Collected data:
»»
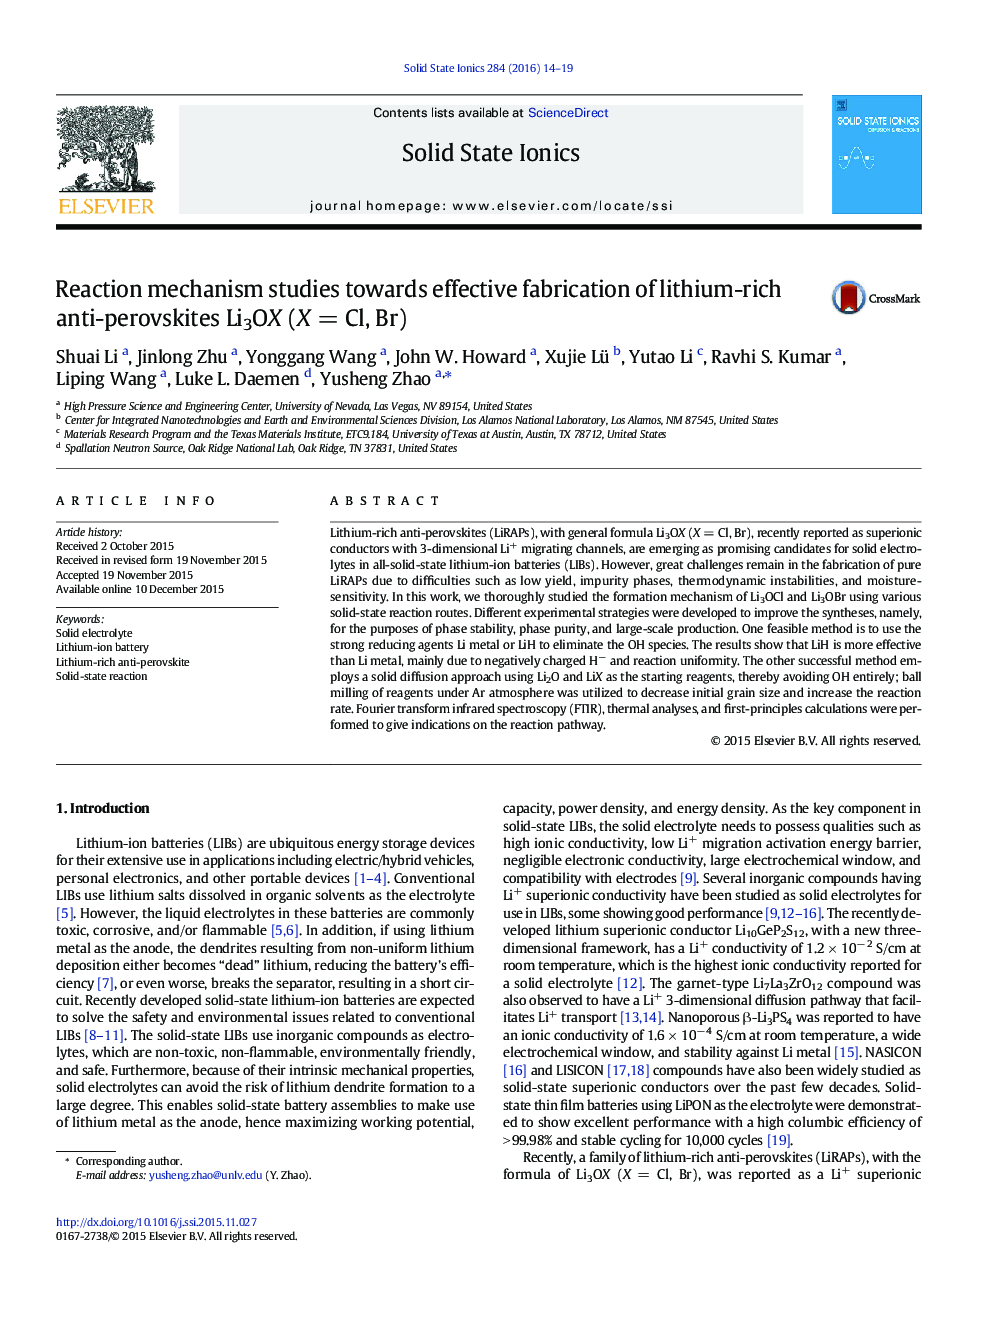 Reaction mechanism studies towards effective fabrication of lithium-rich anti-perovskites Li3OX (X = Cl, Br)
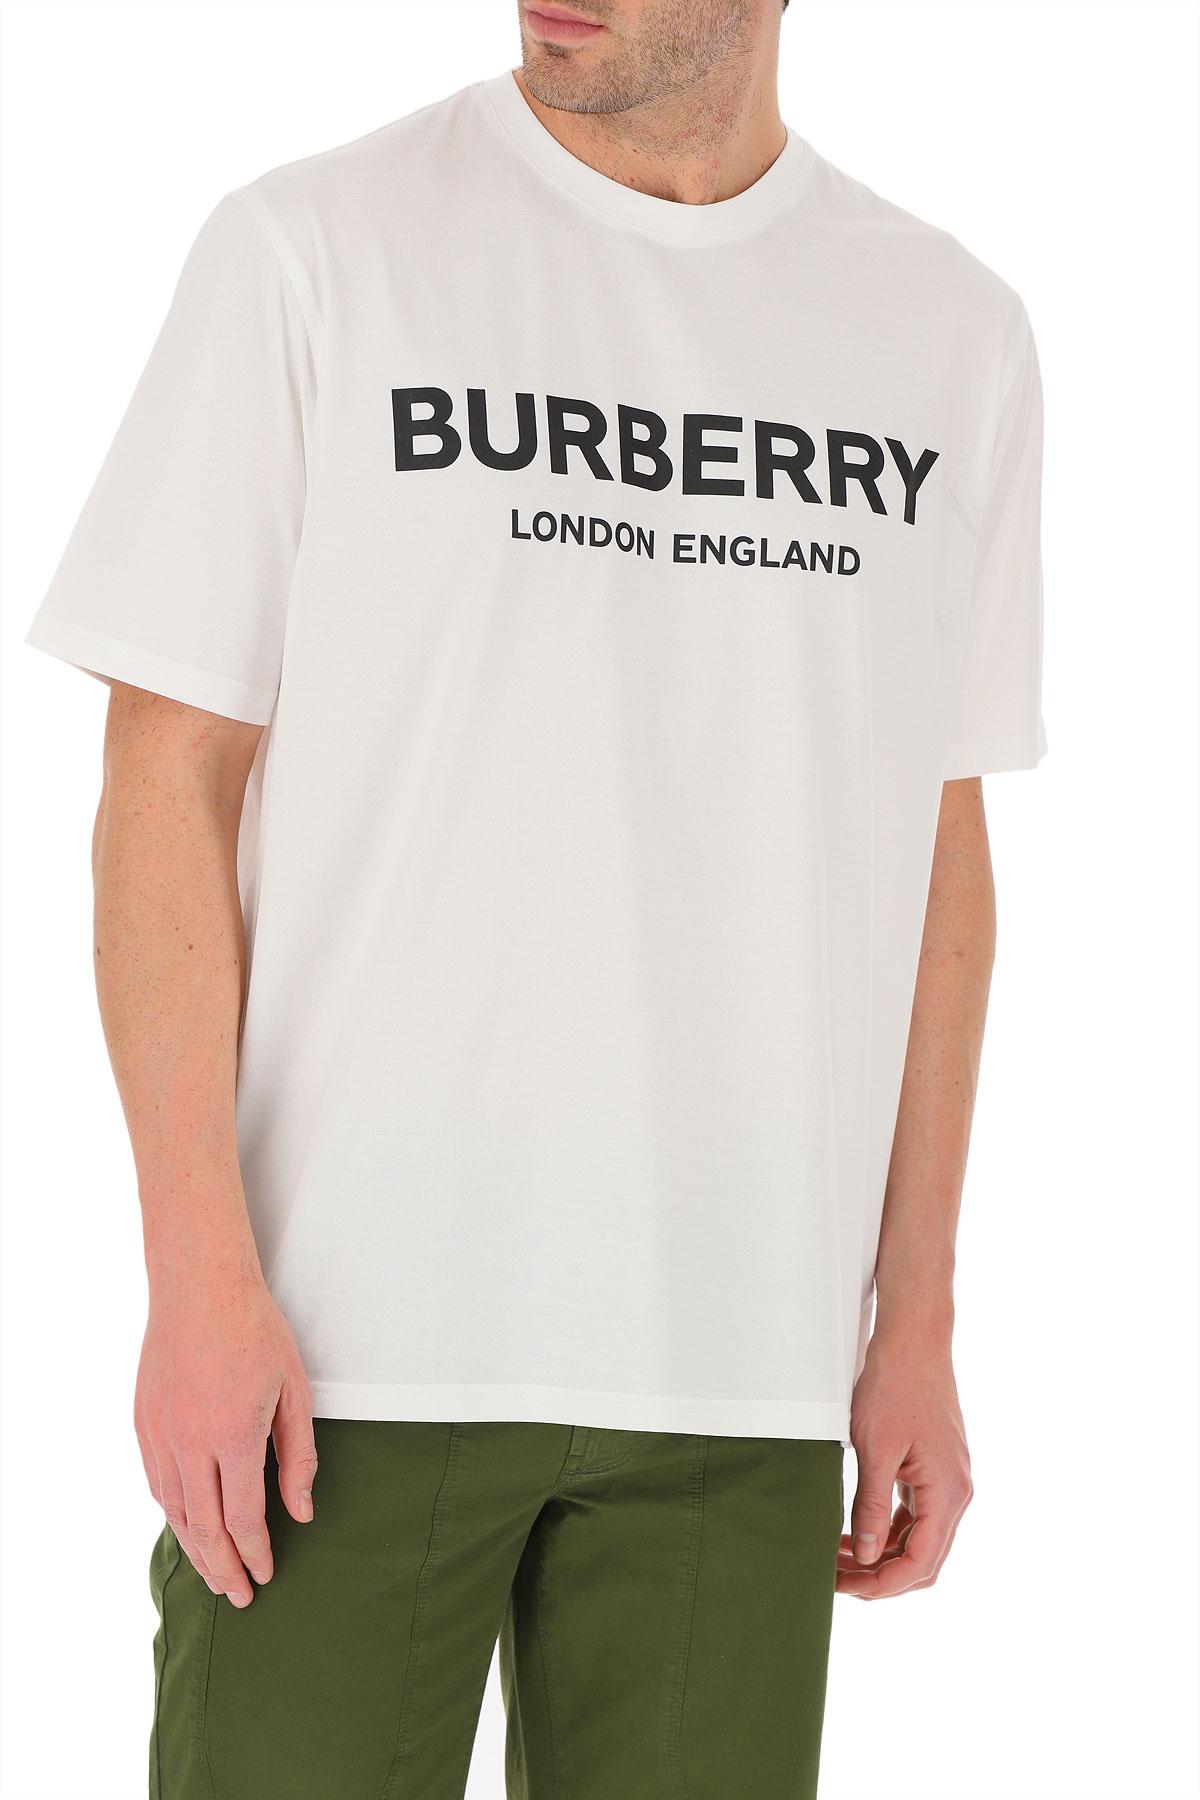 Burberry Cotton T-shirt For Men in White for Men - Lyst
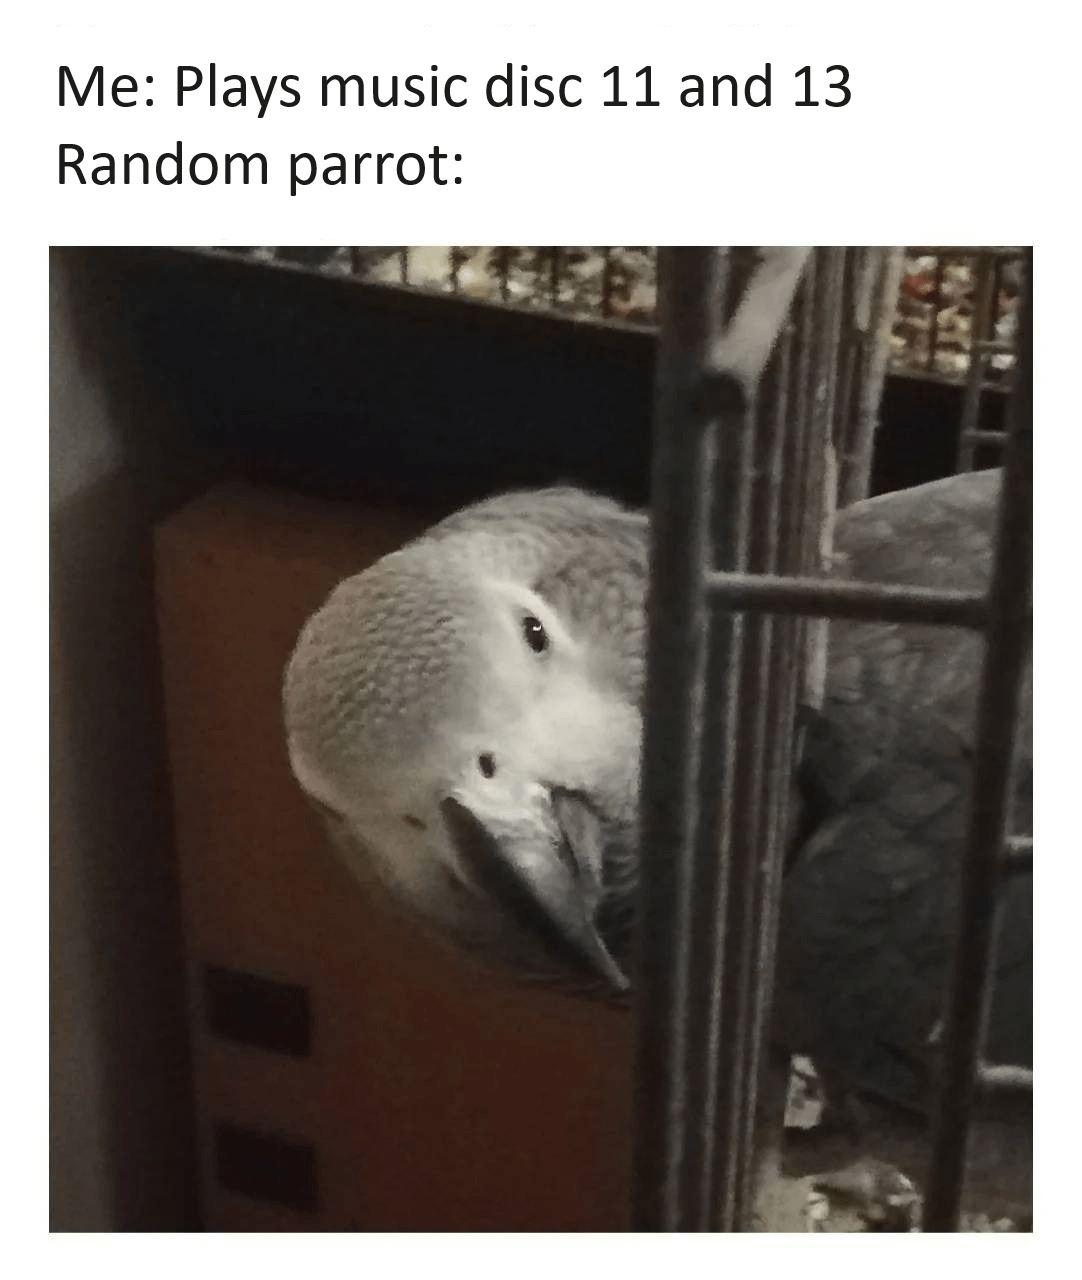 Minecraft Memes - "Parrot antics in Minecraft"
««
Work request: An exact copy of the listing is required; return it without any pictures.

Response:
 Reaction mechanism studies towards effective fabrication of lithium-rich anti-perovskites Li3OX (X = Cl, Br)
 Burberry Cotton T-shirt For Men in White for Men - Lyst
 Minecraft Memes - "Parrot antics in Minecraft"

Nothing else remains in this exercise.